Students wanted to distribute literature at a large shopping center, but the owners wanted to deny them access to the property.

Synopsis of Rule of Law.

A state law which requires owners of large shopping enters to allow members of the public to enter their property to distribute petitions does not constitute a taking of property, even though the law limits the property owner’s right to exclude others from its property.

Facts.

PruneYard (Appellant) is a shopping center open to the public. It has a policy not to permit any visitor or tenant to engage in any publicly expressive activity, including the circulation of petitions, which is not directly related to its commercial purposes. High school students (Appellees) set up a table in a corner of Appellant’s courtyard and distributed pamphlets in support for their opposition to a United Nations resolution against Zionism. A security guard told them to leave. Appellees seek to enjoin Appellants from denying them access to the property to circulate their petitions.

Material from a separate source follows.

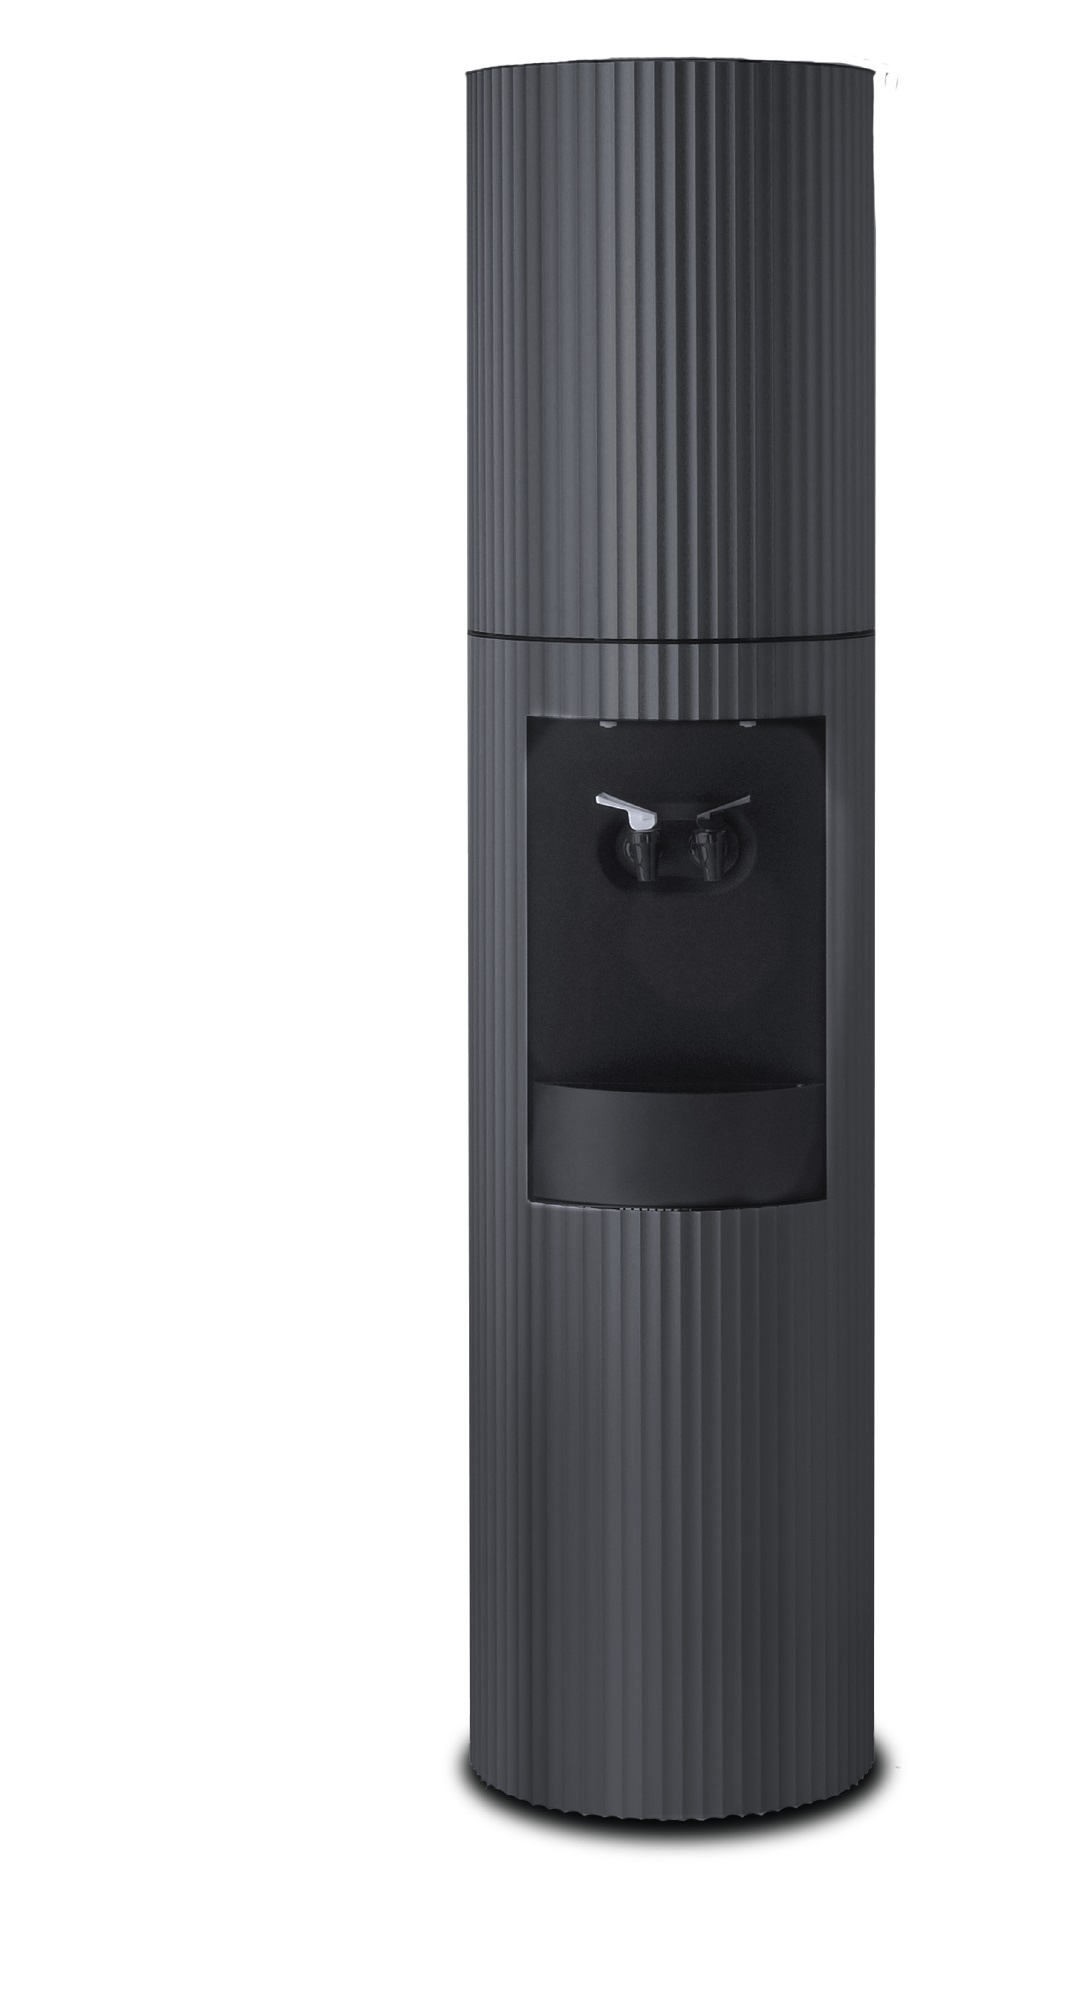 Celsius Bottleless Water Cooler in Fluted Aluminum with Powder Coated Black Finish - Cold/Cold

Appellants content that their constitutionally established rights under the Fourteenth Amendment to exclude Appellees from adverse use of their private property cannot be denied by invocation of a state constitutional provision or by judicial reconstruction of a state’s laws.

Issue.

When a large shopping center is required to allow free expression and petition on its property, will that amount to a taking?

Held.

No.
The determination of whether a state law unlawfully infringes a landowner’s property in violation of the taking clause requires an examination of whether the restriction on private property forces some people alone to bear public burdens which, in all fairness and justice, should be born by the public as a whole. This includes inquiring into such factors as the character of the governmental action, its economic impact, and its interference with reasonable investment-backed expectations.
The requirement that appellants permit the students to exercise their protected rights of free expression and to petition on shopping center property clearly does not amount to an unconstitutional infringement of appellants’ property rights under the taking clause. It will not unreasonably impair the value or use of their property as a shopping center. The shopping center may restrict expressive activity by adopting time, place, and manner regulations that will minimize any interference with its commercial functions.
Appellants have failed to show that the right to exclude others is so essential to the use or economic value of their property that the state-authorized limitation of it amounted to a taking.
Concurrence.
(Justice Thurgood Marshall) Justice Marshall did not understand why the Court suggested that rights of property are to be defined solely by state law, or that there is no federal constitutional barrier to the abrogation of common-law rights by Congress or a state government. Quite serious constitutional questions might be raised if a legislature attempted to abolish certain categories of common-law rights in some general way.
(Justice Lewis F. Powell, Jr.) The state may not compel a person to affirm a belief he does not hold. A property owner may be faced with speakers who wish to use his premises as a platform for views that he finds morally repugnant. The strong emotions evoked by speech in such situations may virtually compel the proprietor to respond.

Discussion.

The property in this case is open to the public, very large, and the physical invasion is only temporary and confined to a small area. The interest of the owners of the shopping center is small compared to the right of expression.